Saltar para: Post [1], Comentários [2], Pesquisa e Arquivos [3]

planetamarcia

planetamarcia

Janeiro 04, 2014

À Espera de Moby Dick - Nuno Amado - Opinião

 

Nem sempre um livro lido é adequado ao que vai na nossa cabeça. Por isso podemos, em determinada altura, achar um livro excelente e noutra deixá-lo passar por nós sem grandes marcas.

Não sei se estou à espera de Moby Dick. Que procuro algo isso é certo. Se vou encontrar o que necessito já não sei. Enquanto busco e espero fico feliz quando livros como este se atravessam no meu caminho e me chamam para os ler.

“À Espera de Moby Dick” é um livro extraordinário que me agarrou antes mesmo de o ter. De facto as formas que hoje em dia temos à nossa disposição para divulgar cultura, gratuita e desinteressadamente, são a maior arma para não deixar que o prazer da leitura se perca e, ao invés disso, aumente, se difunda, e provoque opiniões, que de tão diferentes ou semelhantes levem à discussão, ao debate, ao pensamento. O pensamento, essa fabulosa arma contra a ignorância e que todos podemos usar.
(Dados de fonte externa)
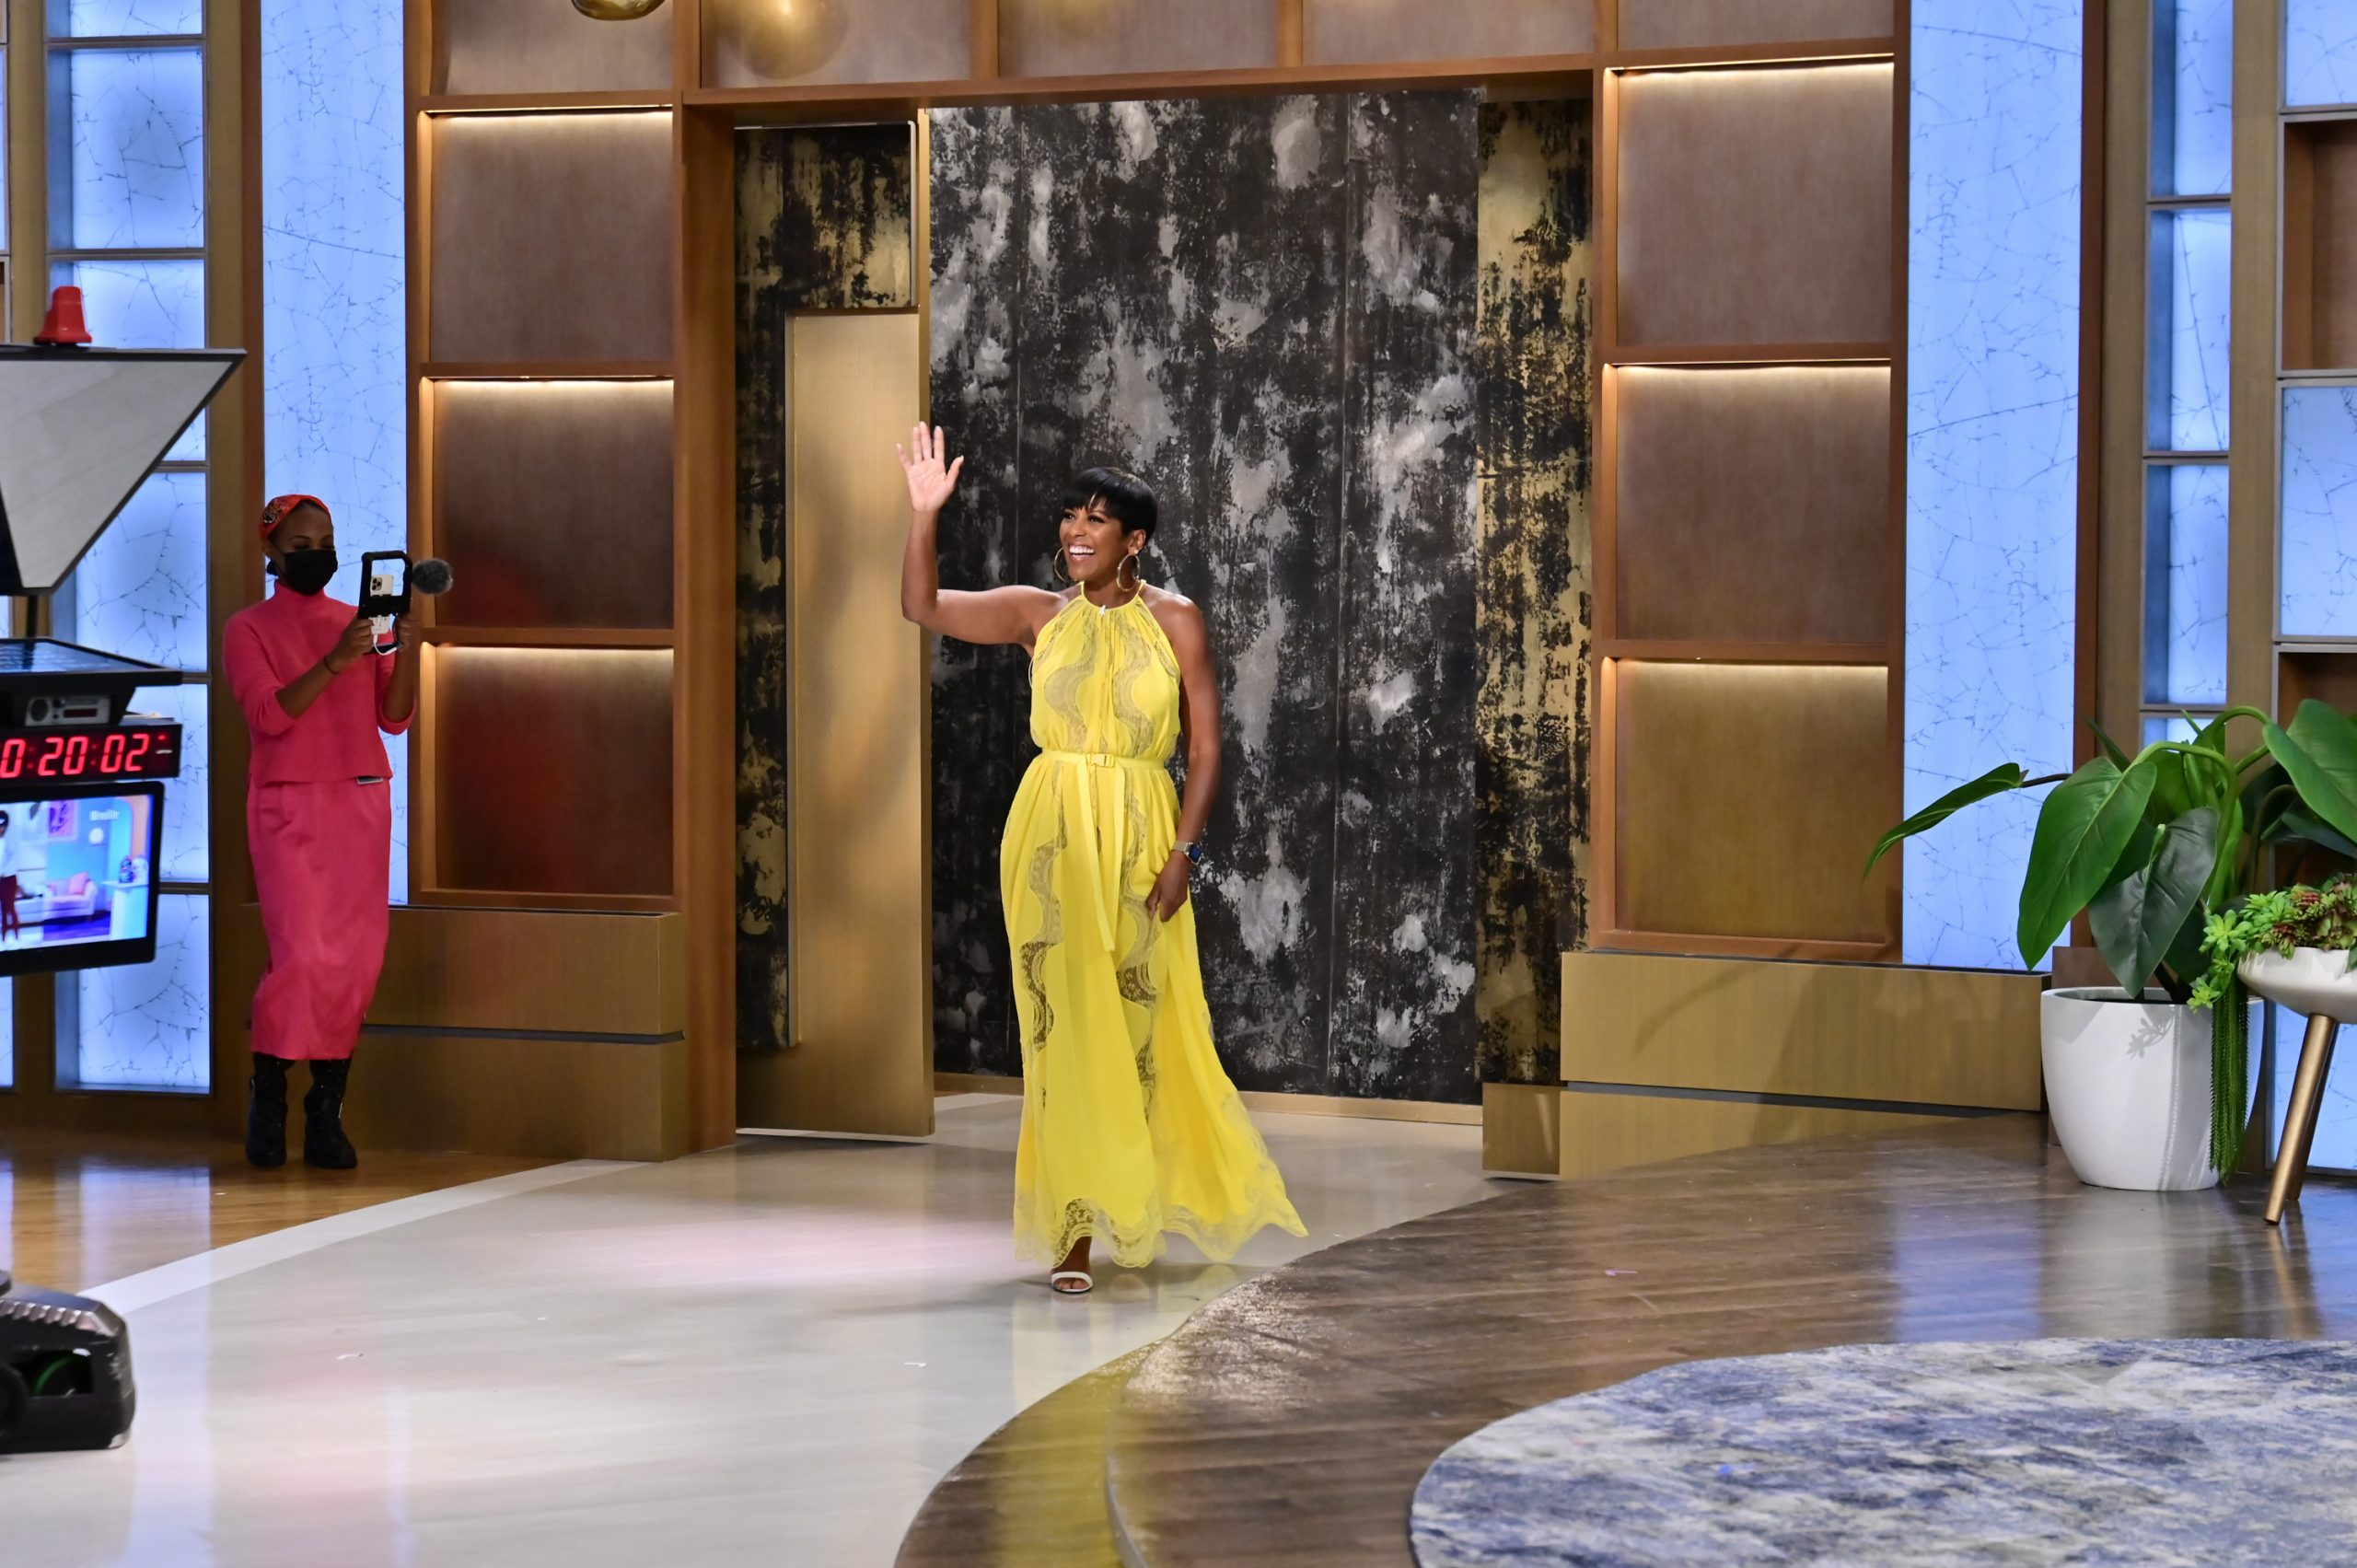 Tamron Hall Celebrates Turning 51 On Her Show

Obrigada à Inesbooks que tenho seguido no Youtube e no Facebook, pelos seus vídeos de alta qualidade para uma amadora (mas leitora profissional). Um dia cheguei a este vídeo. Passados dois dias estava a ler o livro.

Um homem tem um segredo, uma dor que o consome, um acontecimento do passado. Isola-se numa ilha dos Açores, é a forma que encontra de lidar com o sofrimento que mudou para sempre a sua vida.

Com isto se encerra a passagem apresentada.